Bo jak można spokojnie leżeć w szpitalu, kiedy wiesz, że w domu czekają dzieci w tym jedno na tyle małe, że powinno być przy Tobie. Łzy stawały mi w oczach za każdym razem, jak tylko przypominałam sobie jego buźkę, śliczne dołeczki w policzkach, jego zapach i wszystkie psoty, za które nie raz byłam na niego zła. Teraz bardzo bym chciała, żeby był przy mnie i coś spsocił. Tak bardzo chciałabym się wtulić w jego ciepłe pachnące ciałko i poczuć jego stopy na swoim brzuchu, bo Jaś uwielbia je tam kłaść. Niestety tak mamy, że często na co dzień nie doceniamy tego, co mamy. Nie potrafimy się cieszyć życiem. Bo czy umiemy cieszyć się z faktu, że jesteśmy zdrowi i czy doceniamy że najbliżsi są obok nas? Nie, bo dla nas jest to normalne i wszystko jest w naszym zasięgu. Dopiero jak zostajemy sami ze sobą i swoimi myślami zaczynamy tęsknić i doceniać każdą wspólną chwilę, uśmiech, dotyk i czas który nam jest darowany.

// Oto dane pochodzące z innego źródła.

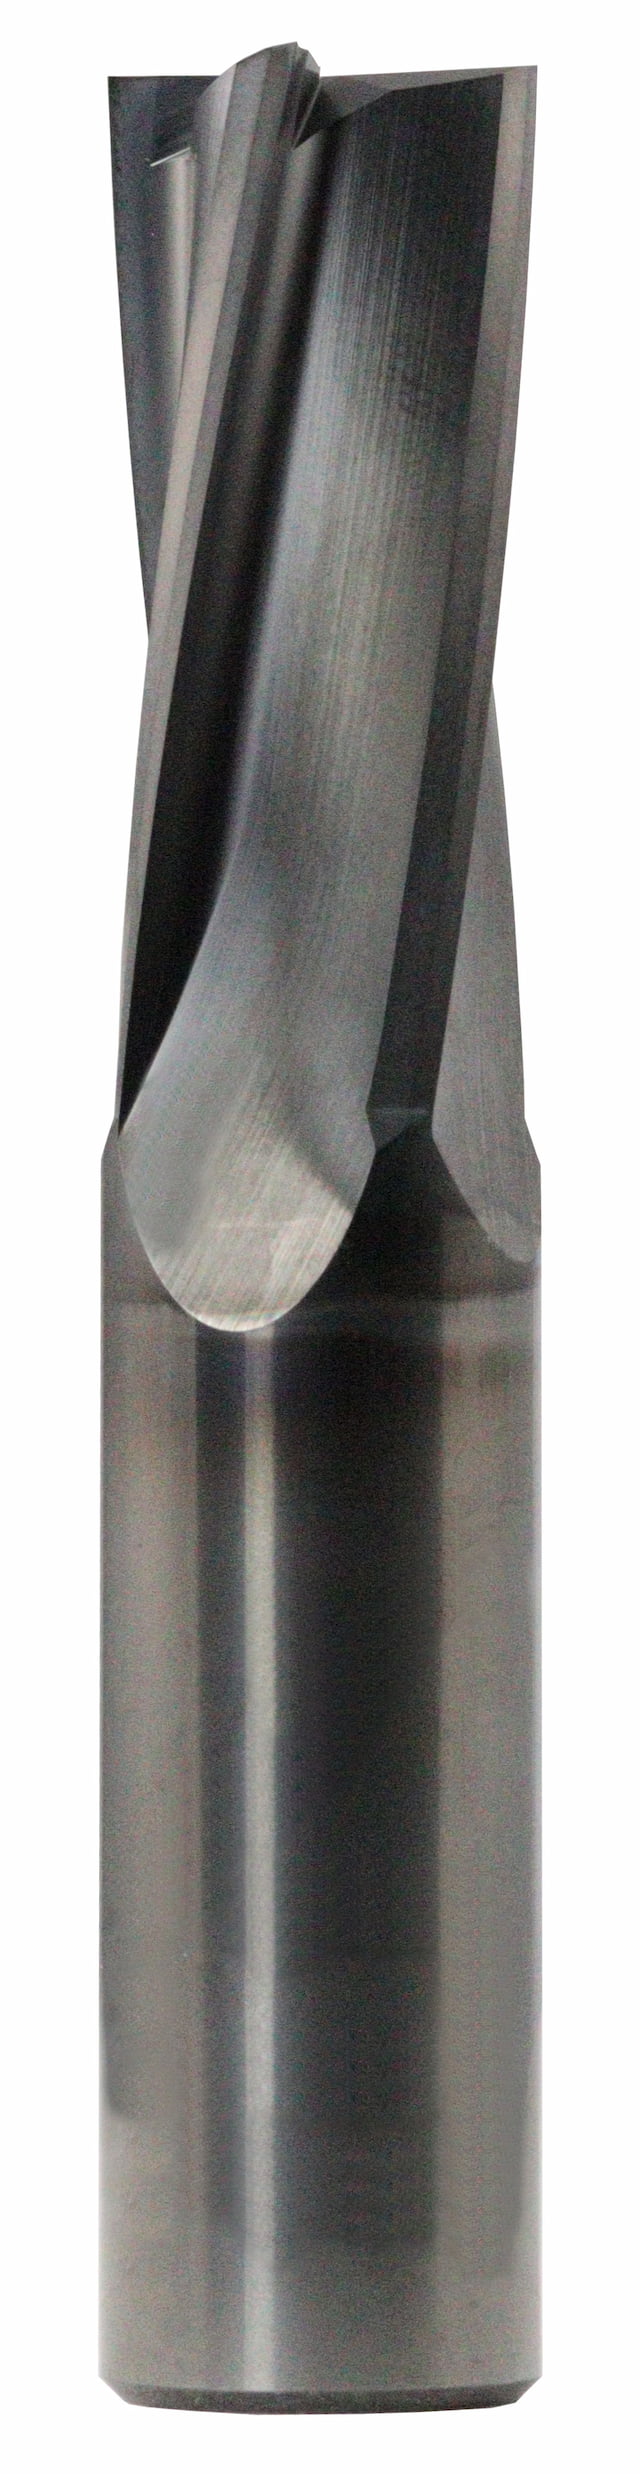 6.00mm Dia, 4 Flute, Square End End Mill - 83056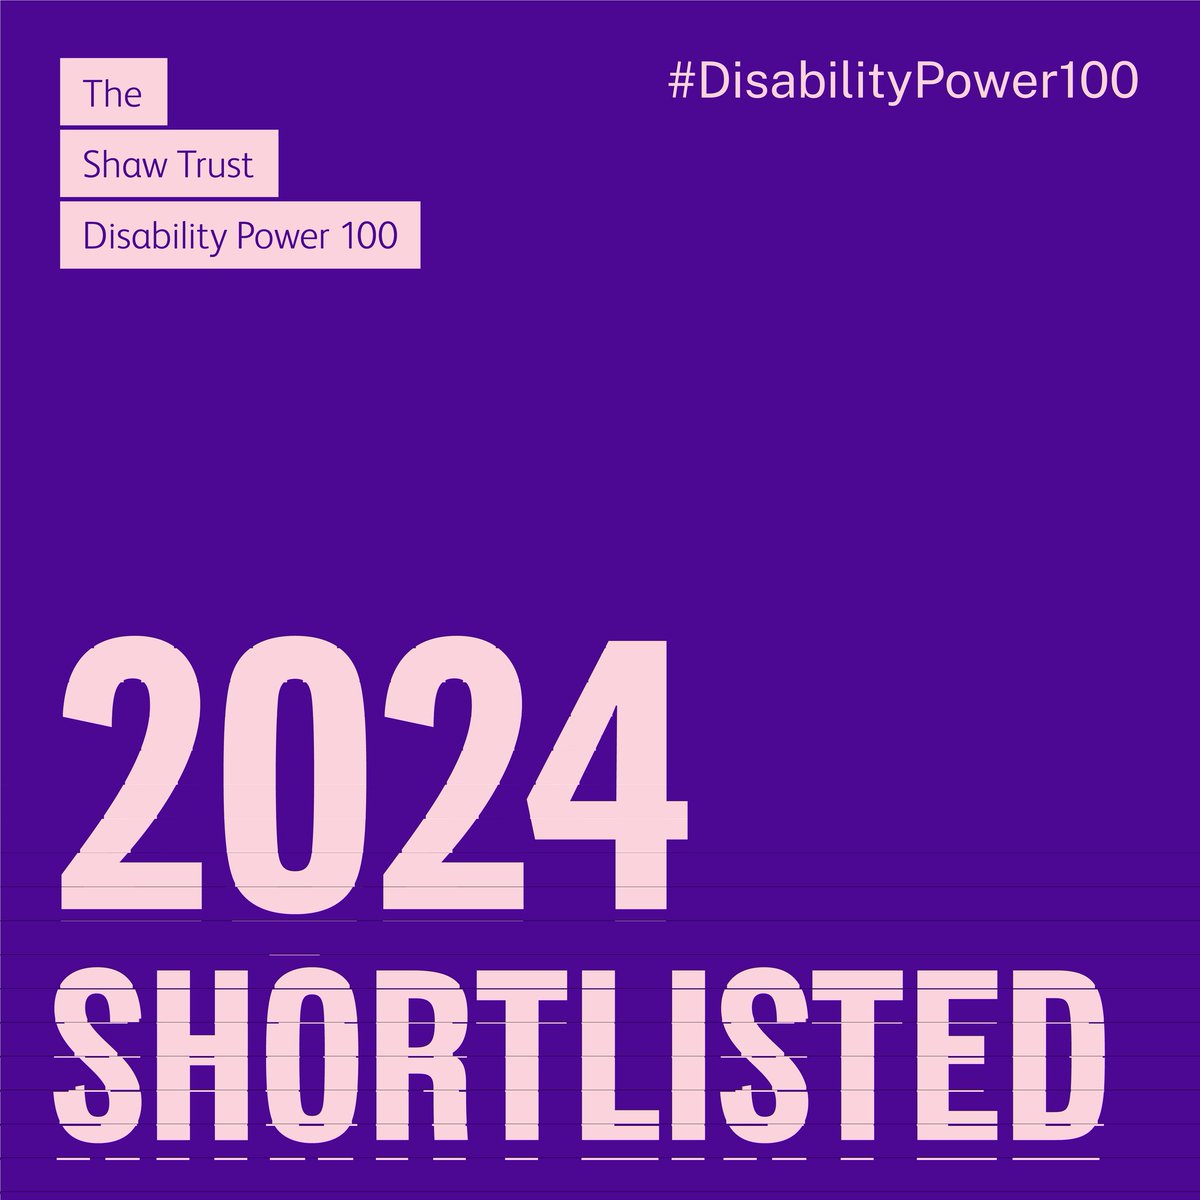 Overcame my imposter syndrome to share some exciting news: I'm shortlisted for @ShawTrust #DisabilityPower100! Honored to be recognized alongside such inspiring individuals. This feels like a win already! Grateful to everyone supporting disabled communities everywhere inc  🍉

Doceń życie i to co masz tu i teraz

Zaklinam rzeczywistość i wspominam wszystkie wspólne chwile, doceniając swojego męża za poświęcenie dla nas oraz za to ze mną jest i wytrzymuje moje złe nastroje. A rozstania szczególnie takie, których nie planujemy, nie mamy czasu na spokojnie przegadać wszystkich spraw i się pożegnać się z najbliższymi są chyba najgorsze. Szczególnie te spędzone w szpitalu, a i ostatnie kilka dni spędzone na oddziale reanimacyjnym w szpitalu uświadomiły, jak bardzo ich kocham i jak jestem od nich uzależniona.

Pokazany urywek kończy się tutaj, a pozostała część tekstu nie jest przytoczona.